Exercise
Would you repeat exactly the part of the listing below that runs from the line containing "Every time you" down to the line containing "2008 JCB 3CX", inclusive, and nothing else?

Task inputs
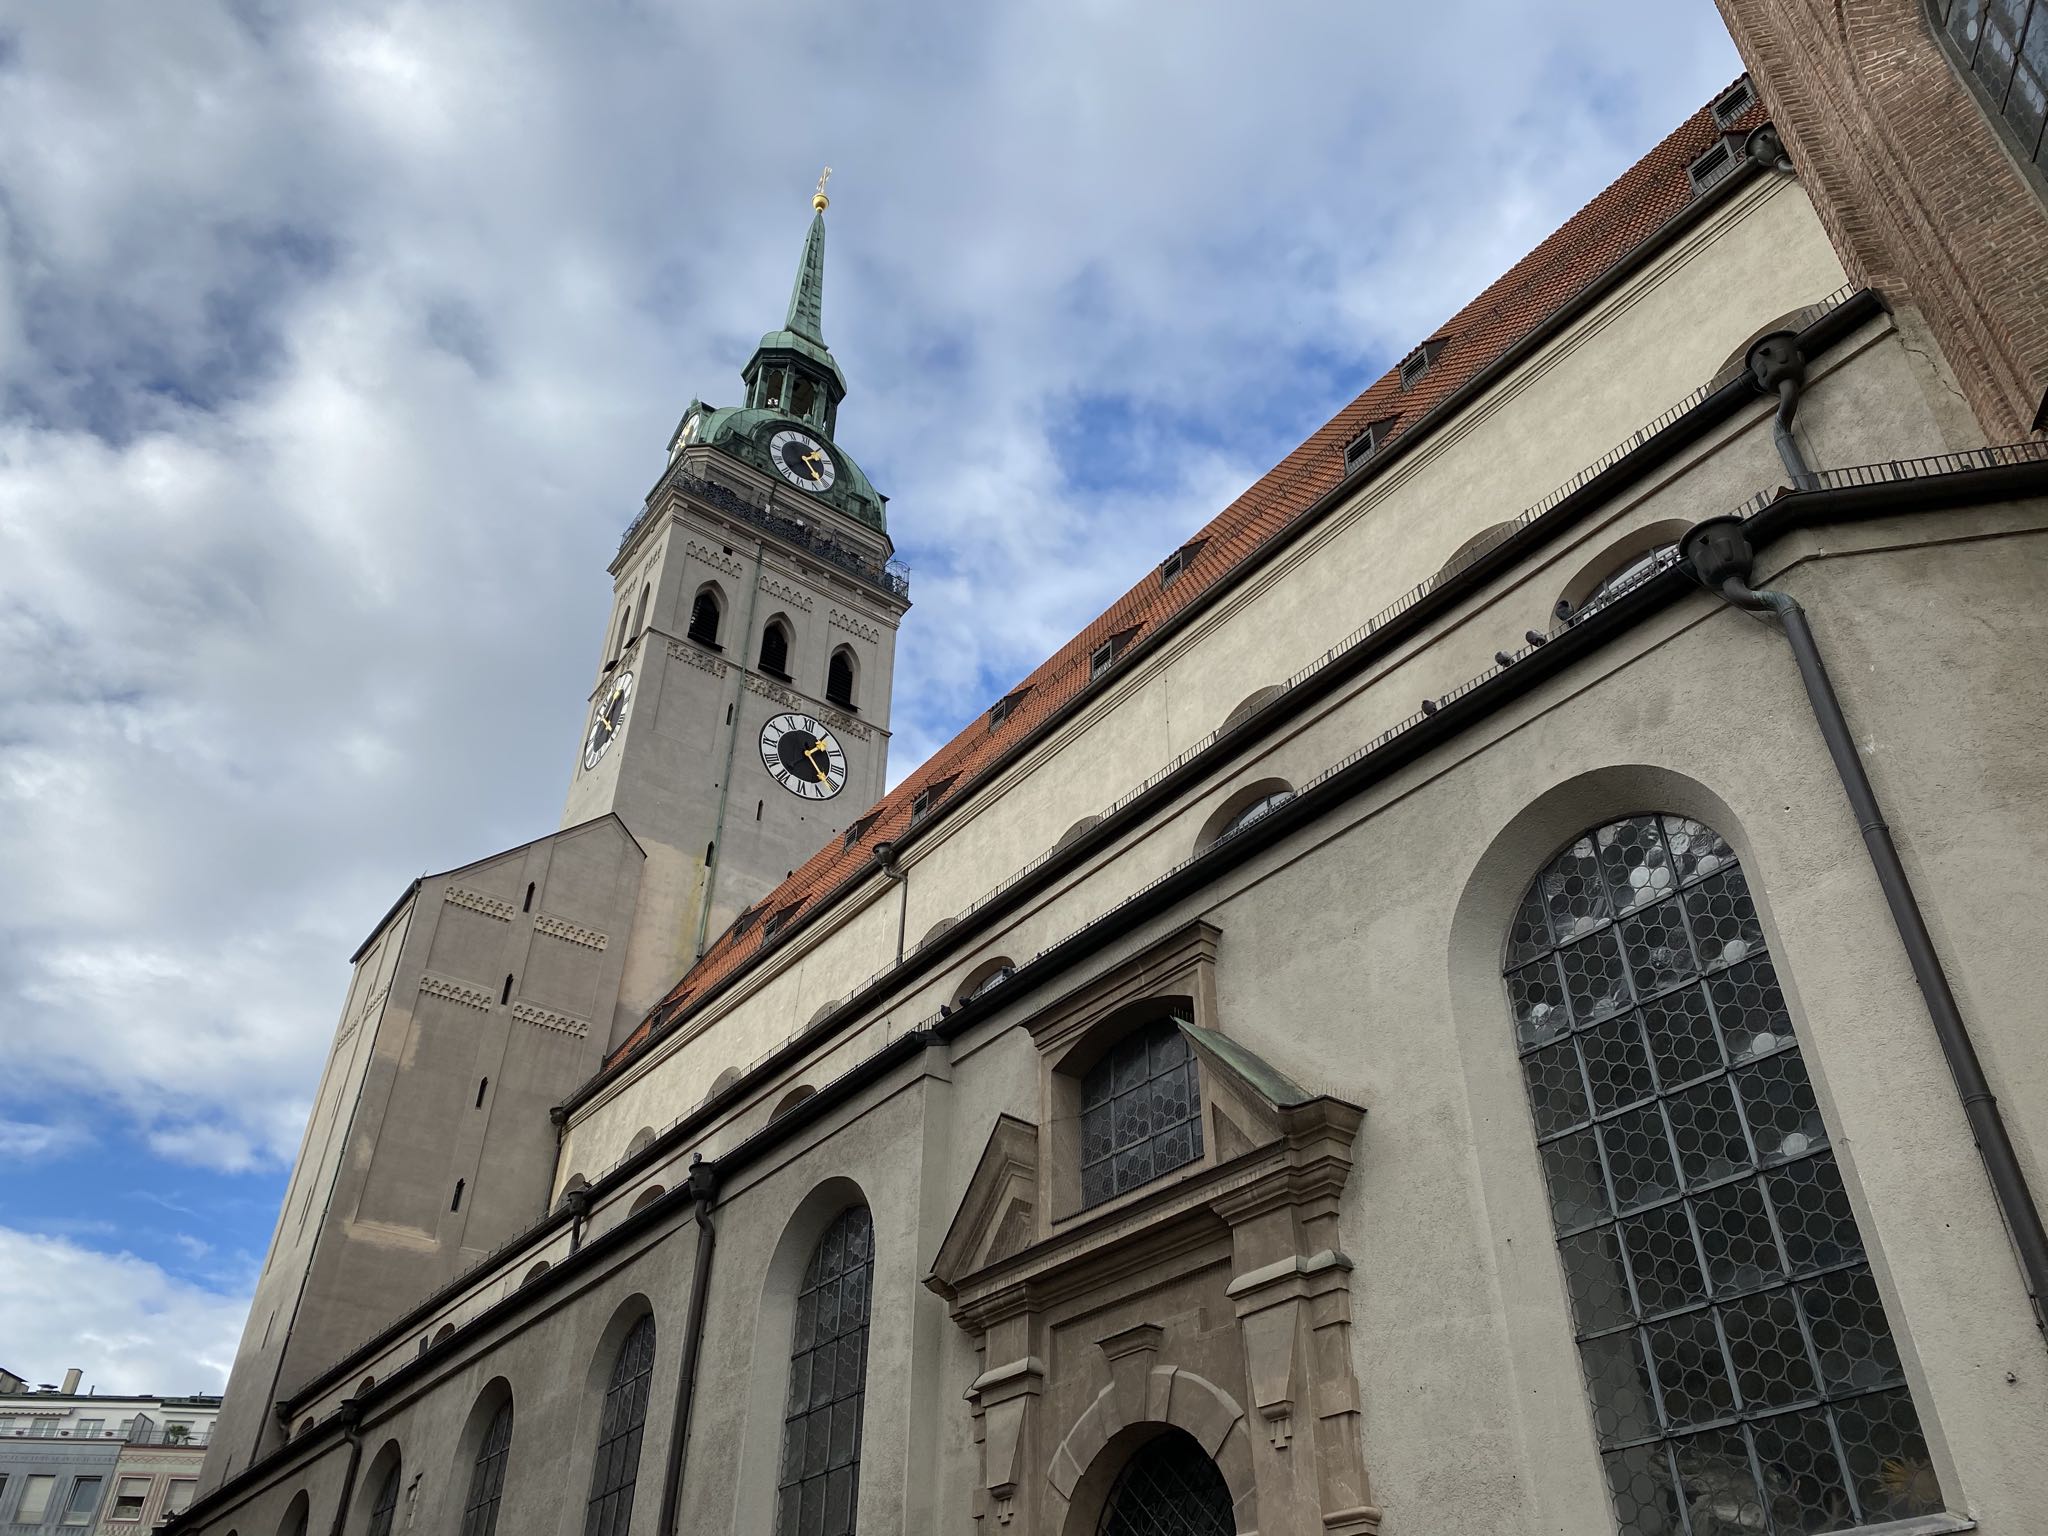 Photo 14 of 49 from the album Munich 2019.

---

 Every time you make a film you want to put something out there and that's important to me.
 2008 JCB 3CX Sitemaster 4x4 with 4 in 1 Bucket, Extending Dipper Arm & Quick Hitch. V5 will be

Response area
 Every time you make a film you want to put something out there and that's important to me.
 2008 JCB 3CX Sitemaster 4x4 with 4 in 1 Bucket, Extending Dipper Arm & Quick Hitch. V5 will be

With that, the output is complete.